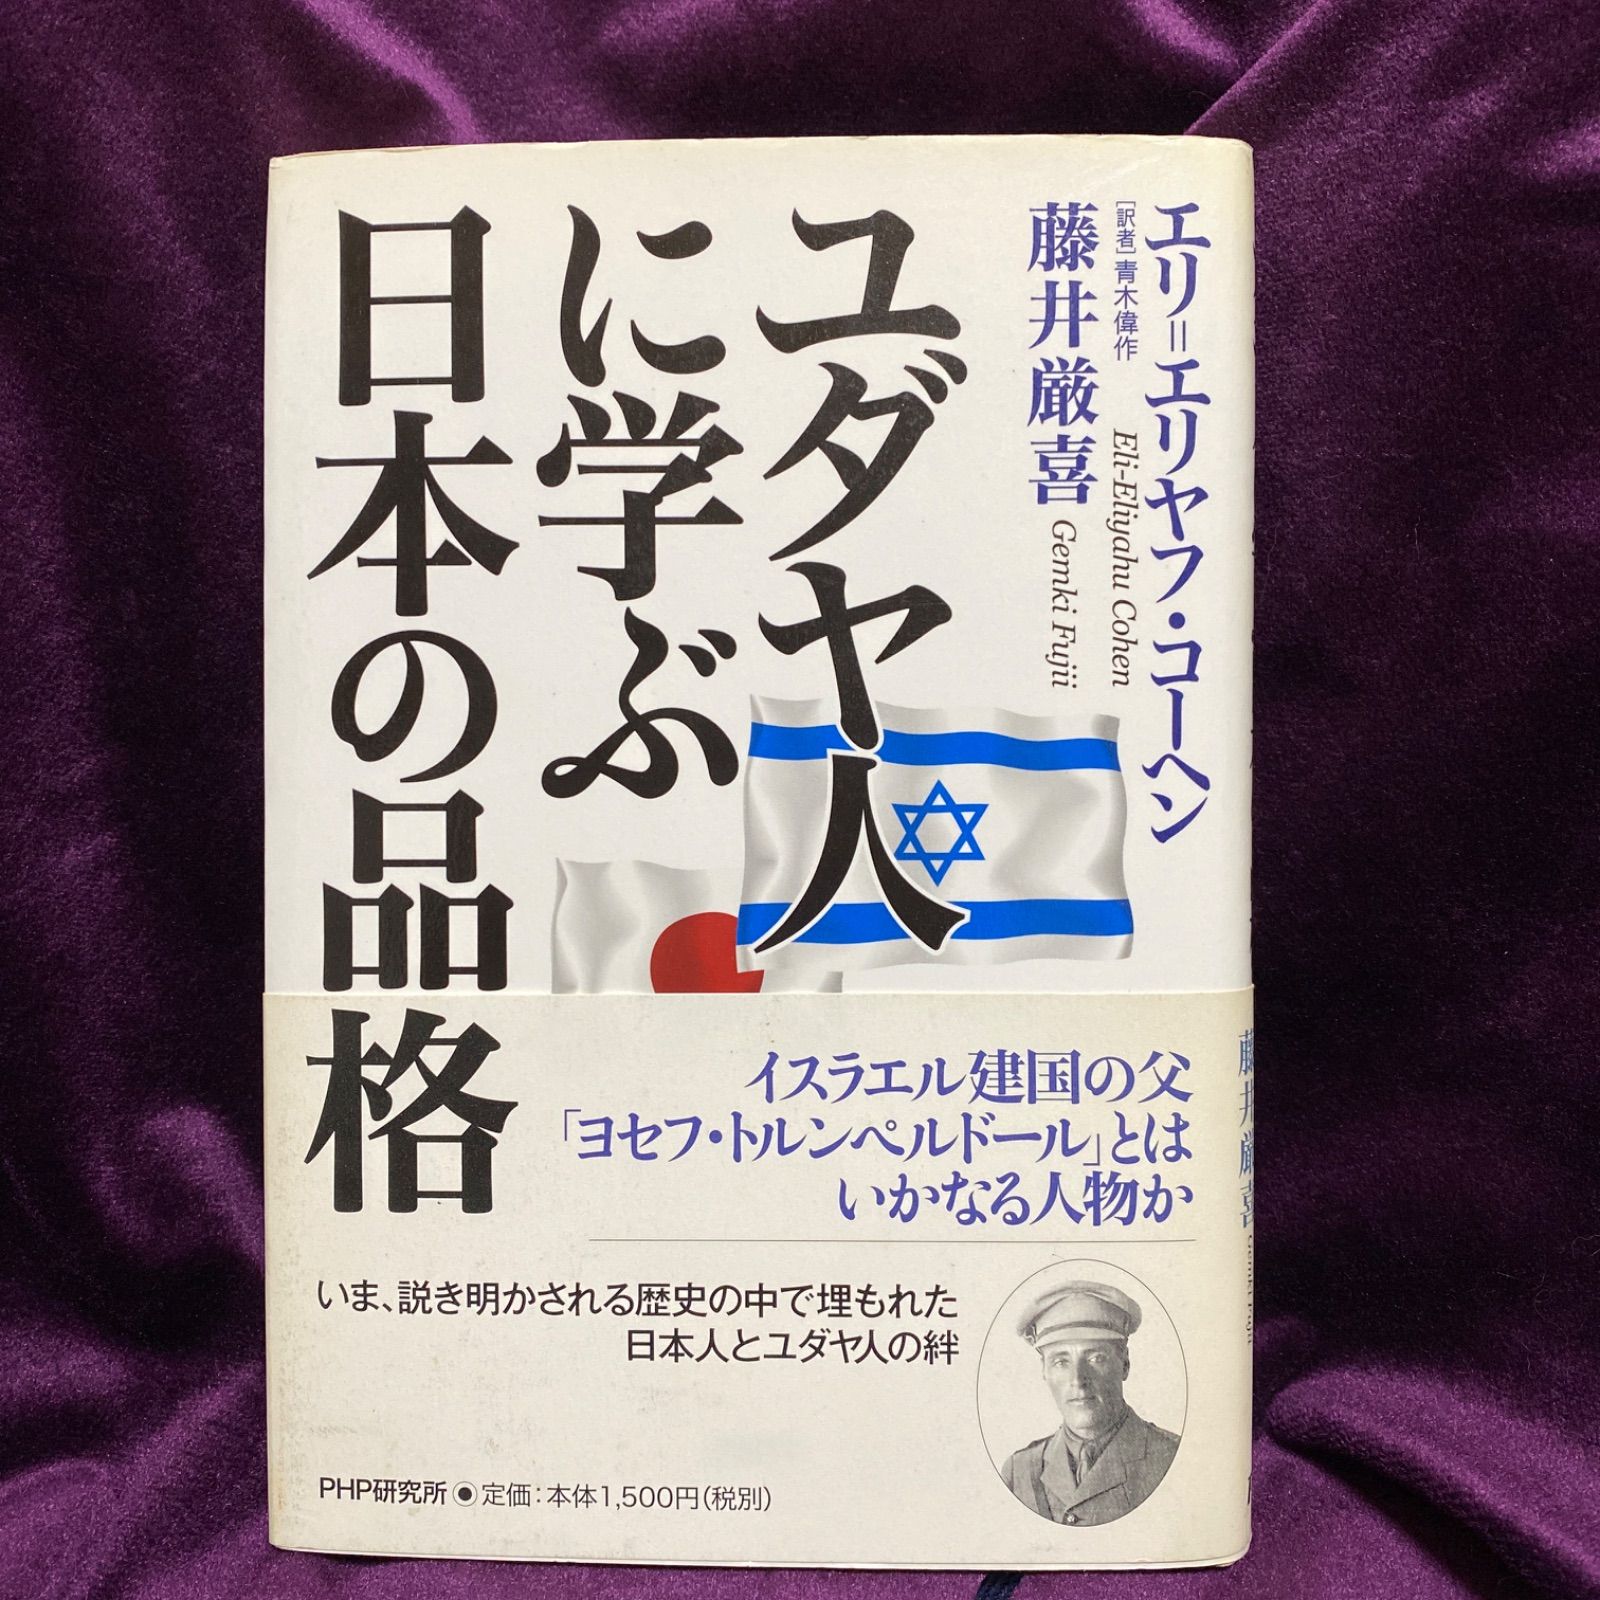 ☆激レア☆「ユダヤ人に学ぶ日本の品格」 藤井 厳喜 / Cohen Eli B
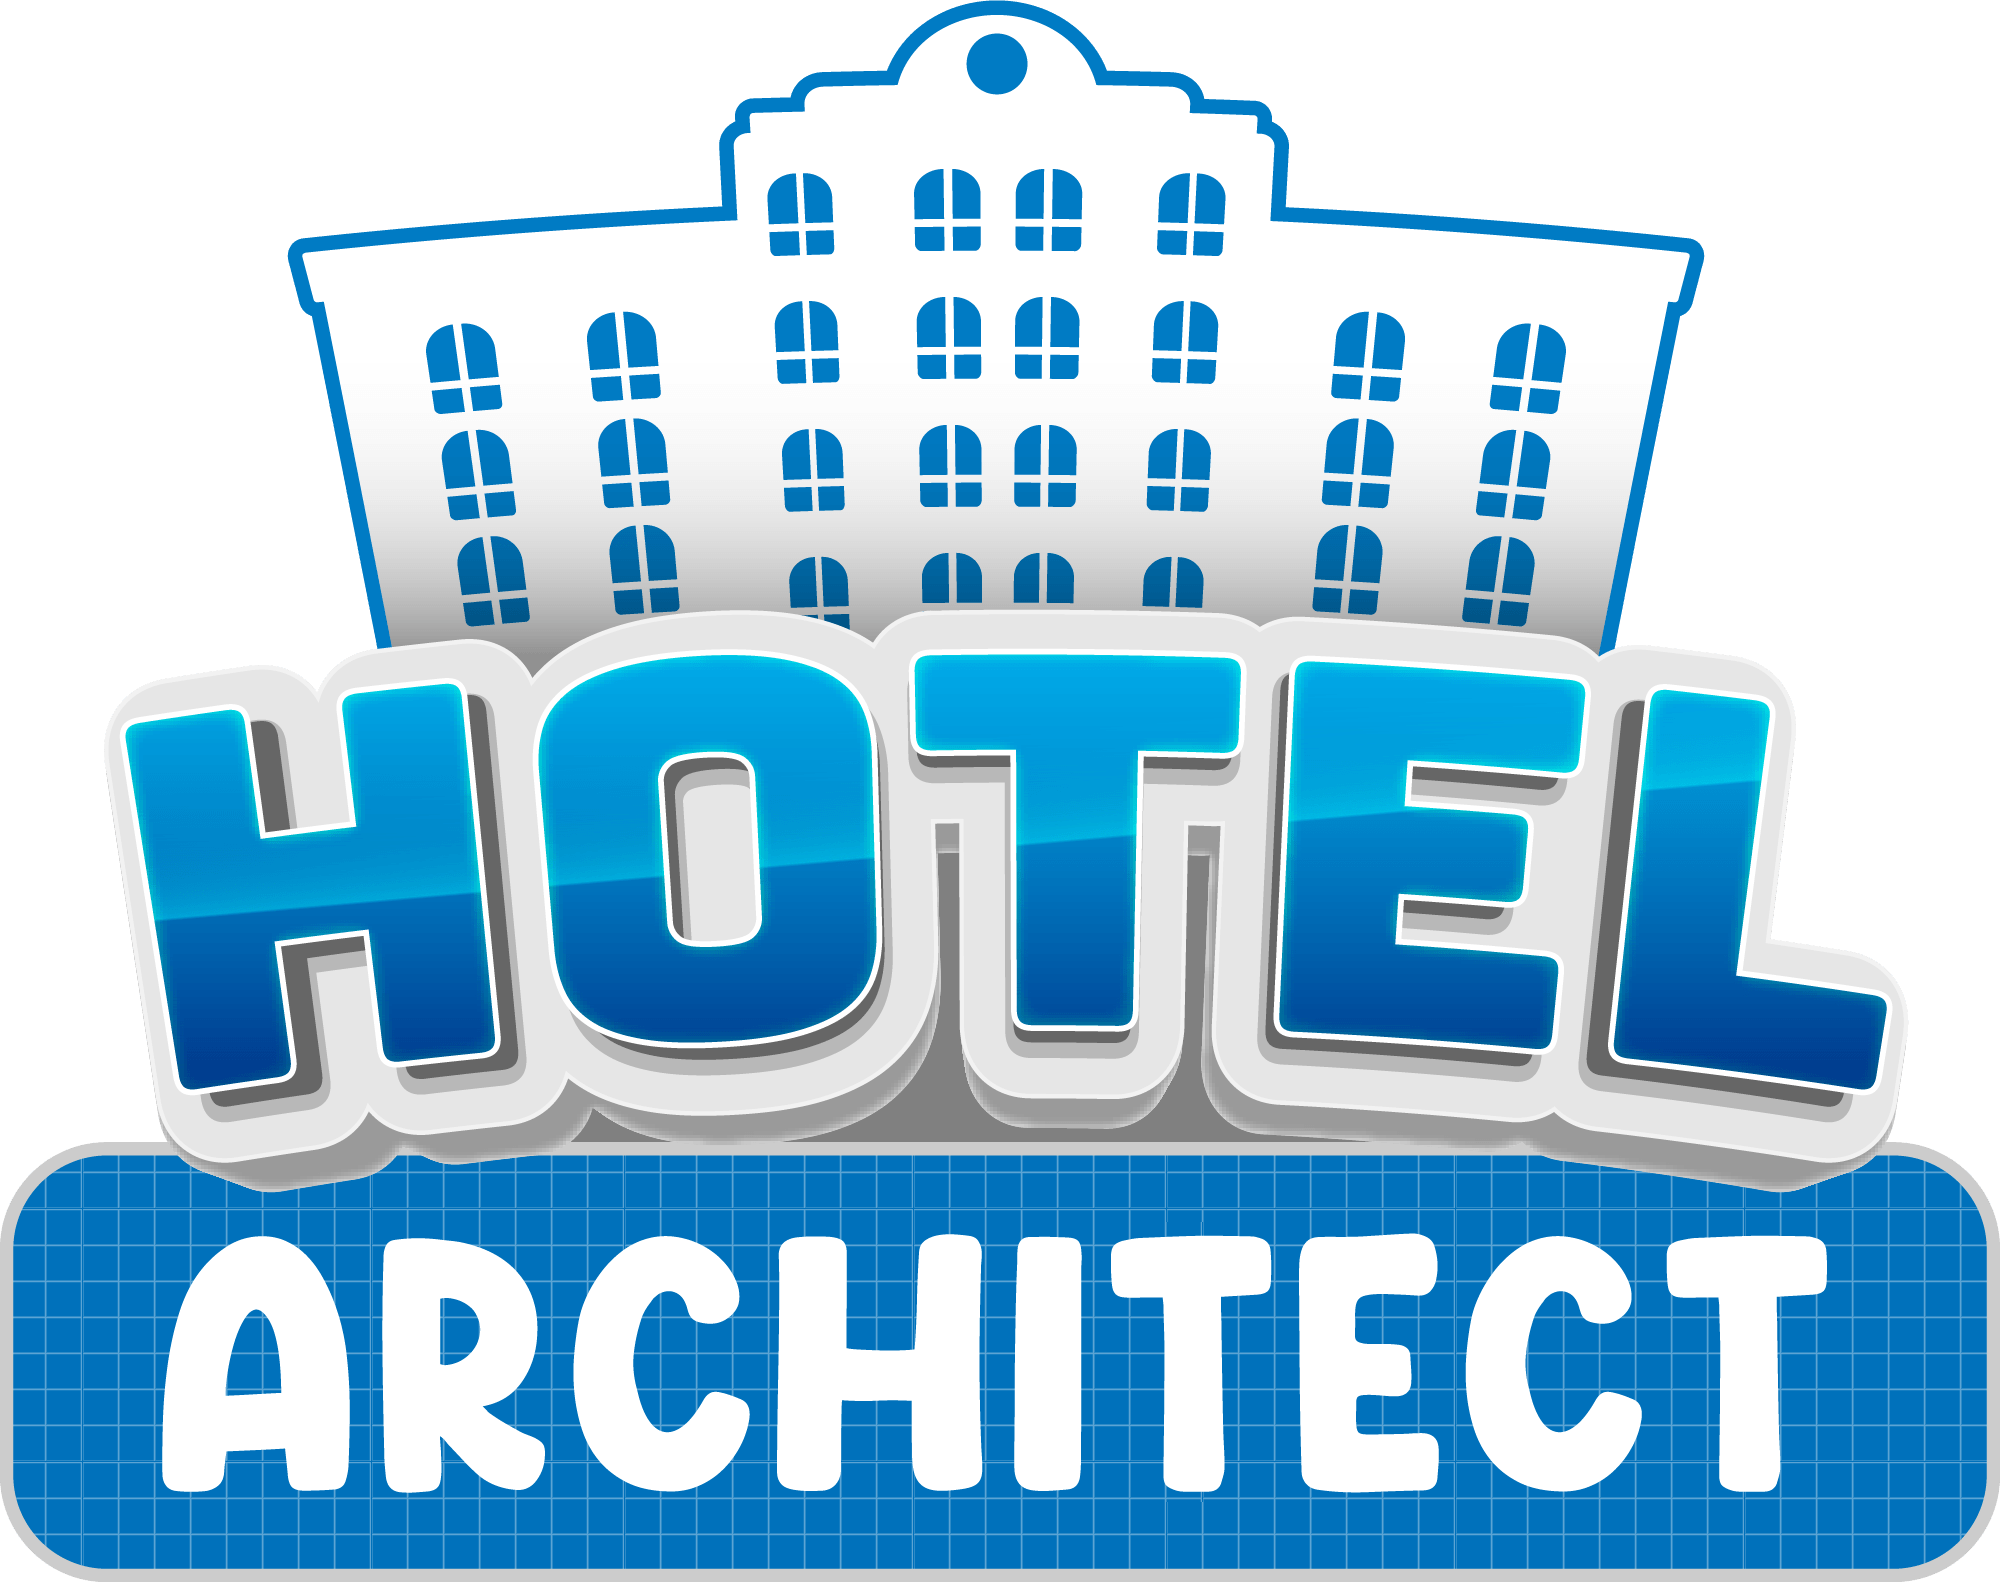 Hotel Architect logo
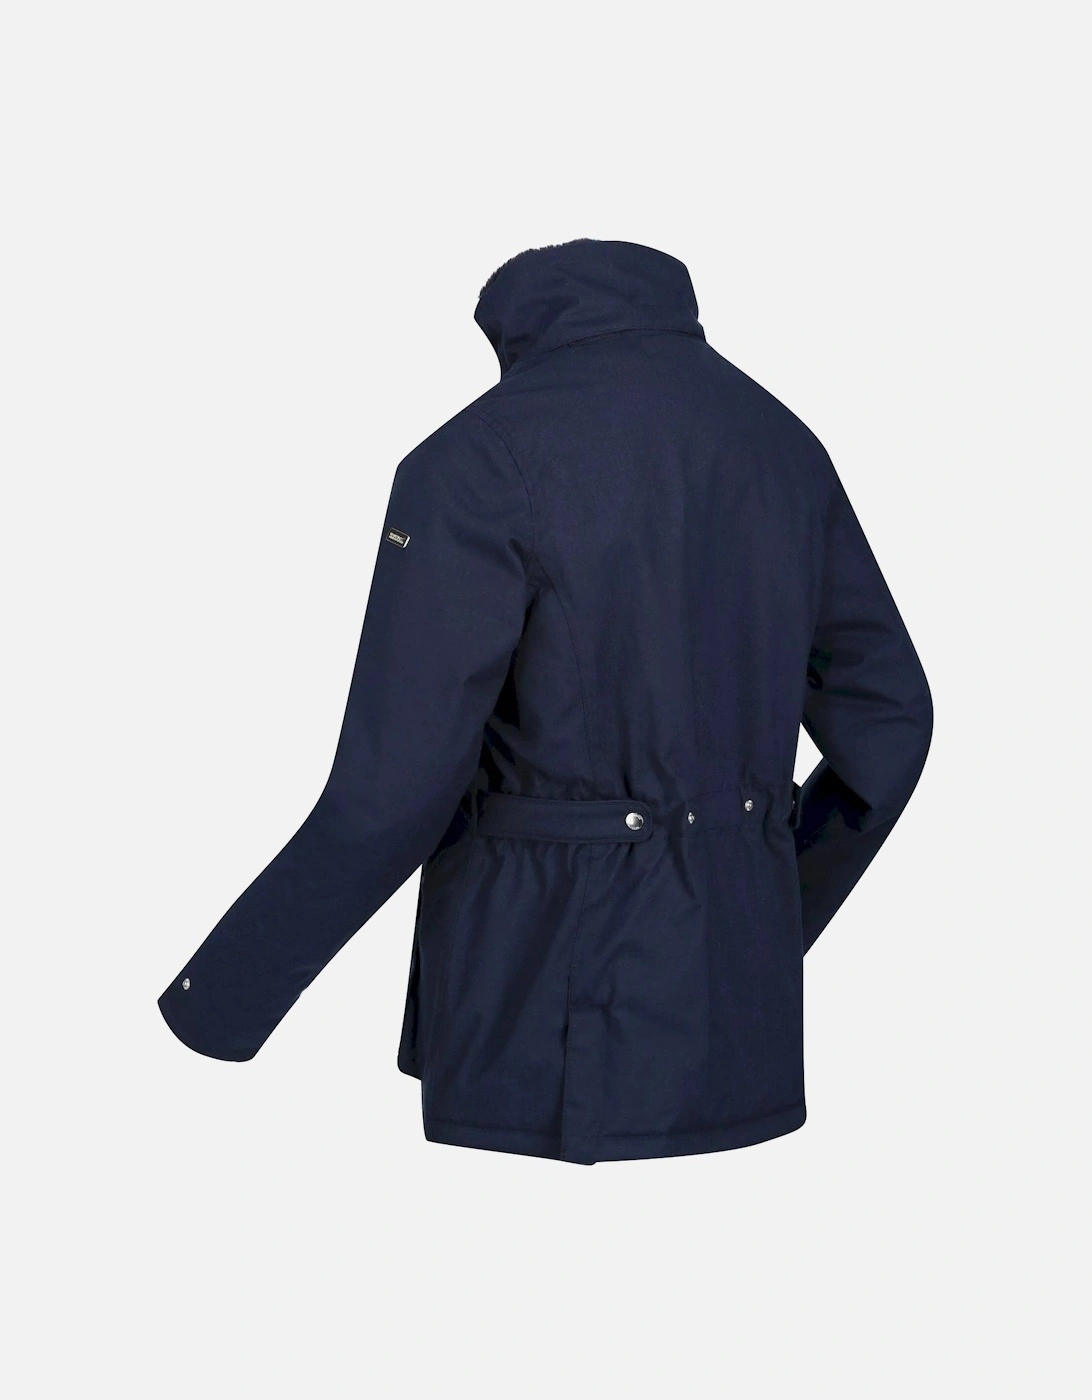 Womens/Ladies Leighton Waterproof Jacket

-----

Starting at the line that holds "Hotel Architect logo", write out every remaining line of the material above exactly as it appears. Pictures should not be copied.

▶ **Result of the task**
 Hotel Architect logo
 Womens/Ladies Leighton Waterproof Jacket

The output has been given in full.